All’interno del Comitato, c’è un’associazione molto utile alla città e presieduta da un carissimo amico di chi scrive, ma che stavolta si è tuttavia piegata a guardare la situazione coi paraocchi. Un murales dipinto da un artista selezionato come sempre da ALTrove fra i più emergenti e bravi in Italia e all’Estero, non può essere minimamente paragonato a chi scrive inutili e osceni scarabocchi sul muro con la bomboletta spray. Non si può mischiare arte e robaccia nello stesso calderone. I graffiti senza senso e le scritte senza vergogna appartengono alle indegnità da cancellare, per il decoro del Centro Storico. Ma il murales di Bartocci, con tutto il rispetto per le diverse opinioni, è un’opera d’arte. I ragazzi di ALTrove non sono degli inesperti e sanno dove collocare le opere, studiando bene le “location” e il contesto. Se dei giovani costruiscono un progetto culturale duraturo per la propria città, è perché la amano. E mai la distruggerebbero, visto che ci hanno già pensato in maniera abbondante le generazioni precedenti. E per questo vanno supportati con le azioni e col dialogo, nel comune sentimento di amore per la città.

Si può condividere la giustificata apprensione per le sorti del Centro Storico, massacrato da misfatti edilizi perpetrati da privati cittadini e di cui le associazioni – salvo rari casi – non si sono mai occupate, ma le chiusure mentali non portano a nulla.

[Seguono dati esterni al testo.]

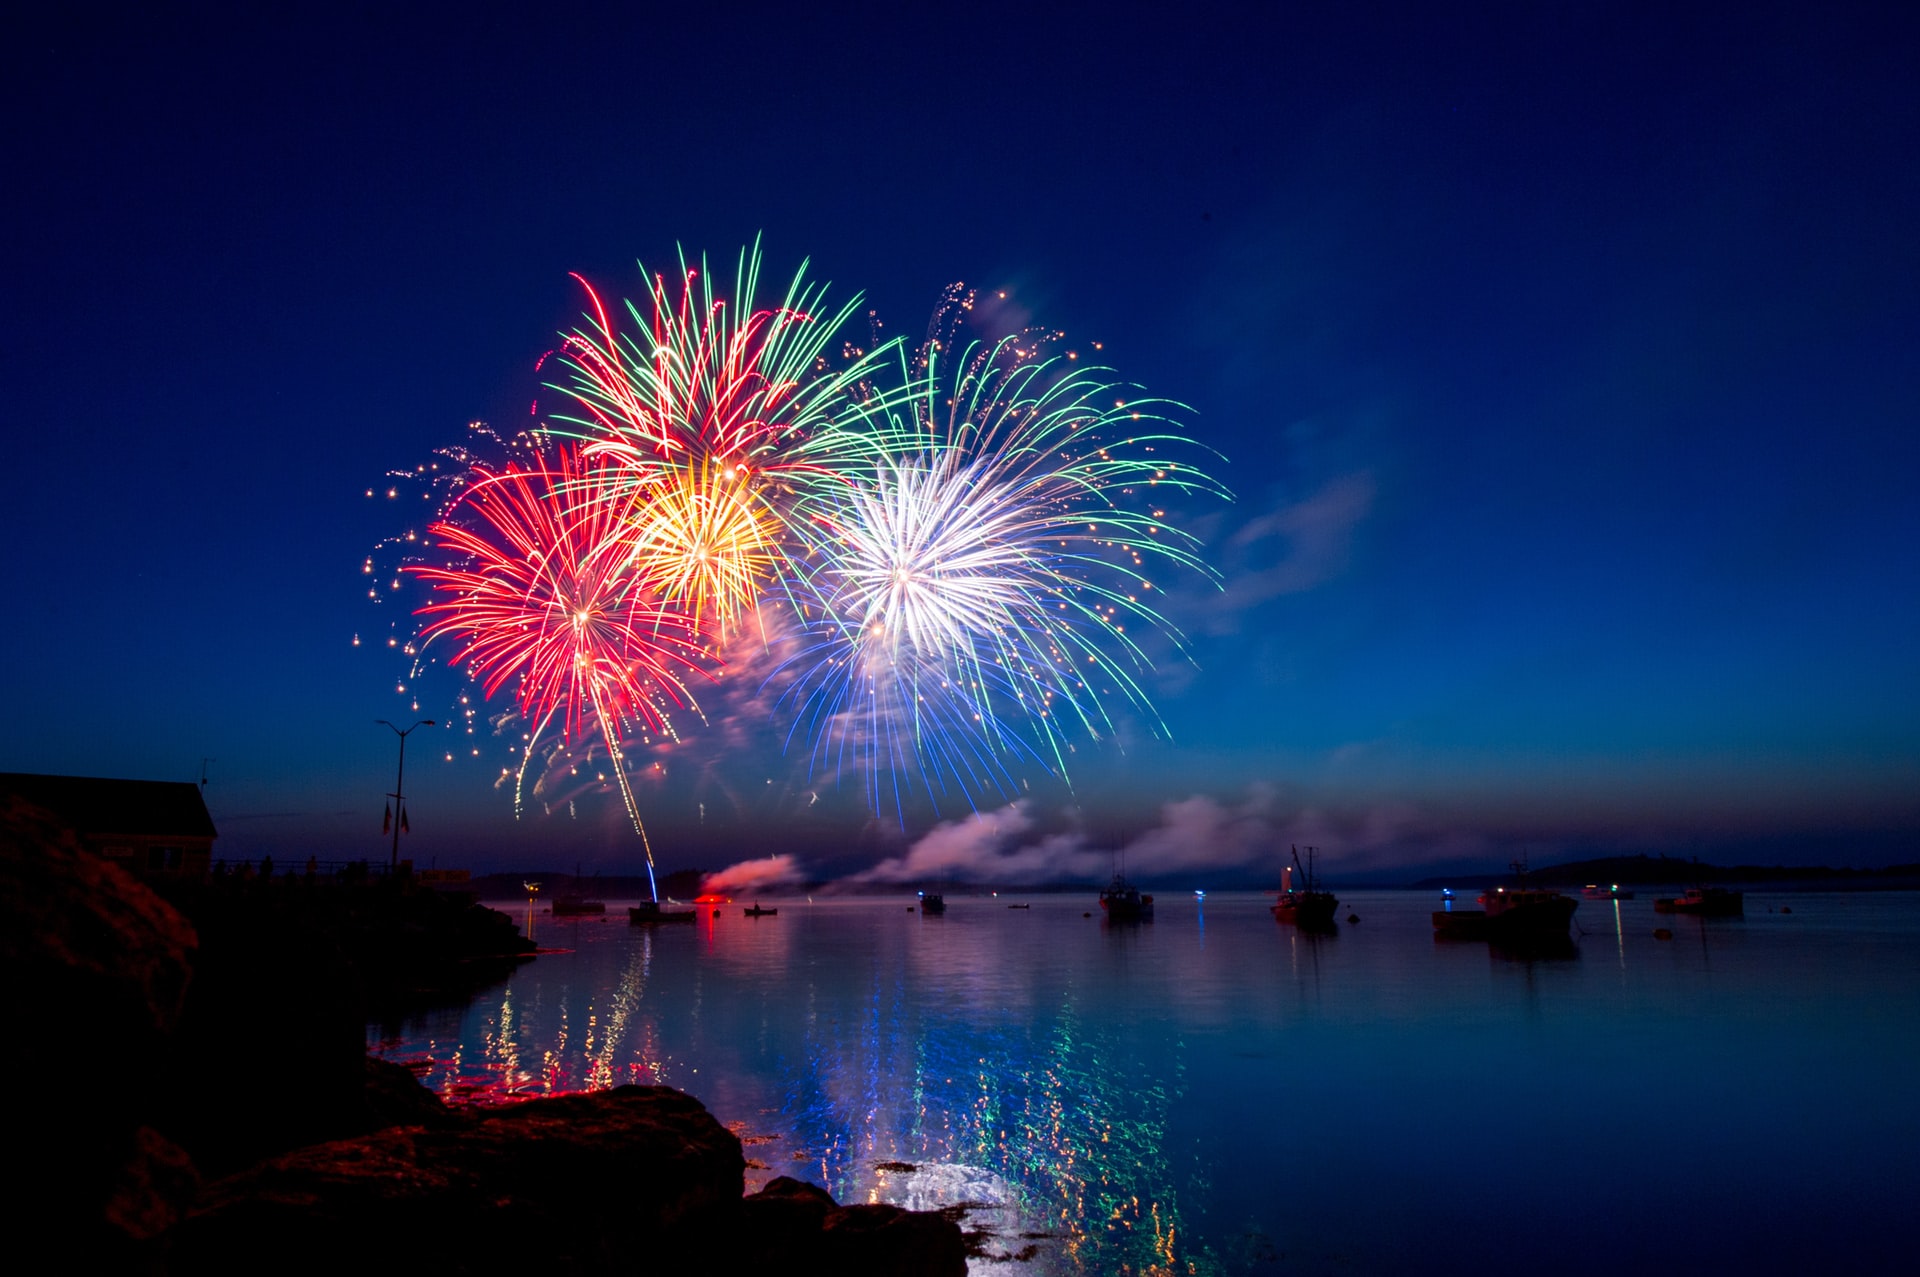 atmospheric photo of firework display over water, boats in the water
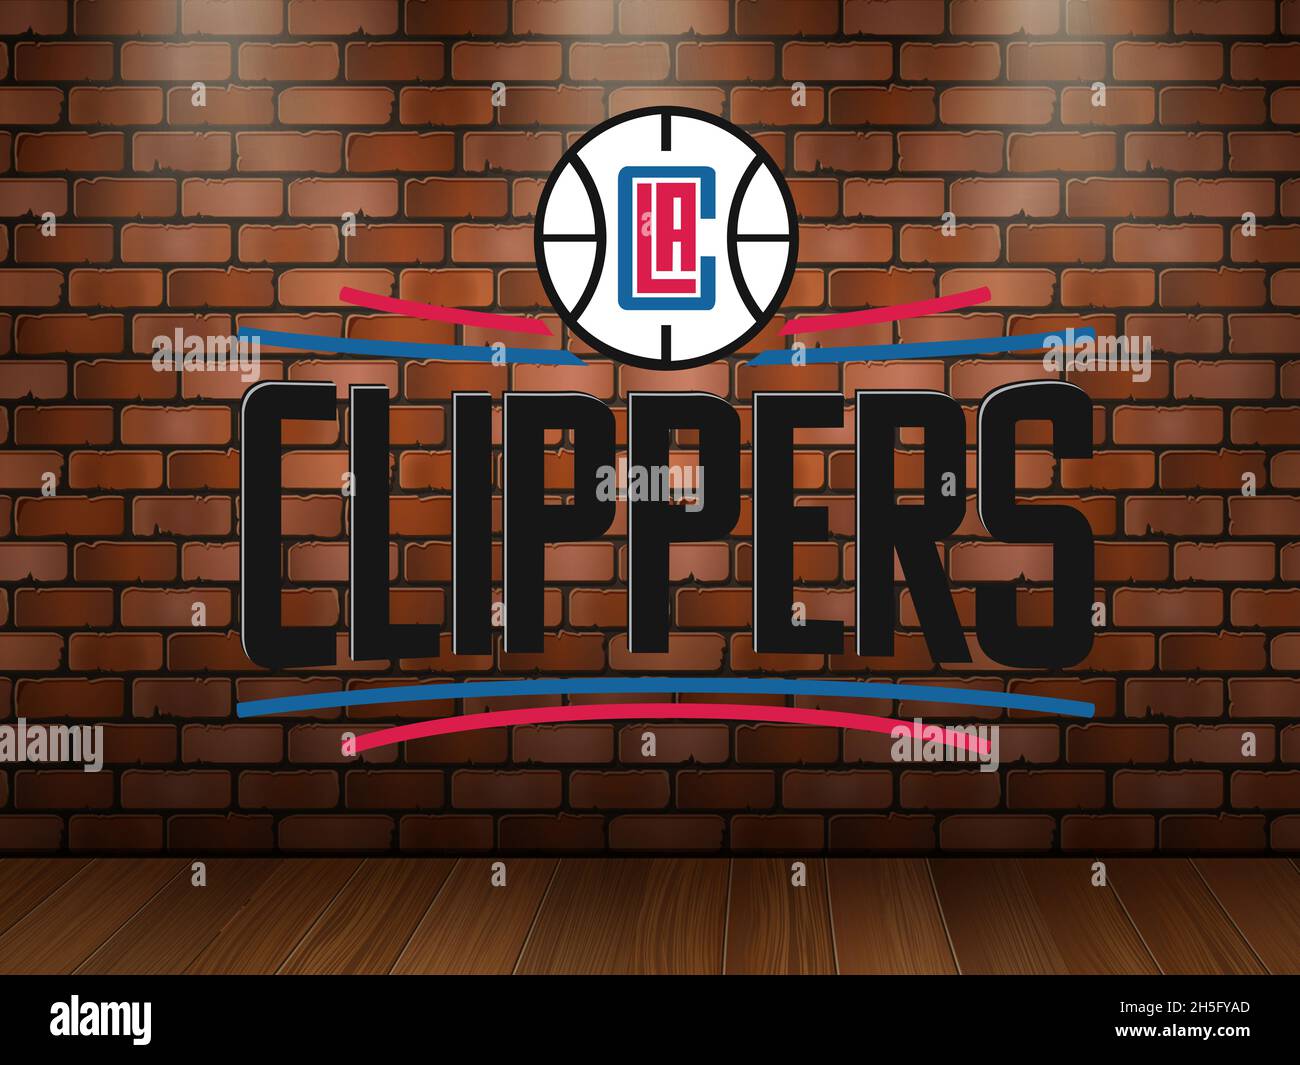 Wappen Los Angeles Clippers, Los Angeles, Sie treten in der National Basketball Federation (NBA) an Stockfoto

Quella dei murales (e non solo, ma anche delle mostre e di tutto il lavoro di riscoperta dei tesori perduti della città) è l’Arte della Gioia, amici. Non deve fare paura ma, anzi, deve portare un po’ di aria nuova, di dialogo e di riscoperta della Storia e delle tradizioni in una città dove la lagna continua e l’insopportabile pessimismo cosmico continuano – in alcuni casi, a spadroneggiare. La città è di tutti, e non di pochi. E per questo è bene che sia vissuta in maniera diversa, più colorata e solare. Solo così il vento, già impetuoso di per sé, può soffiare nella giusta direzione.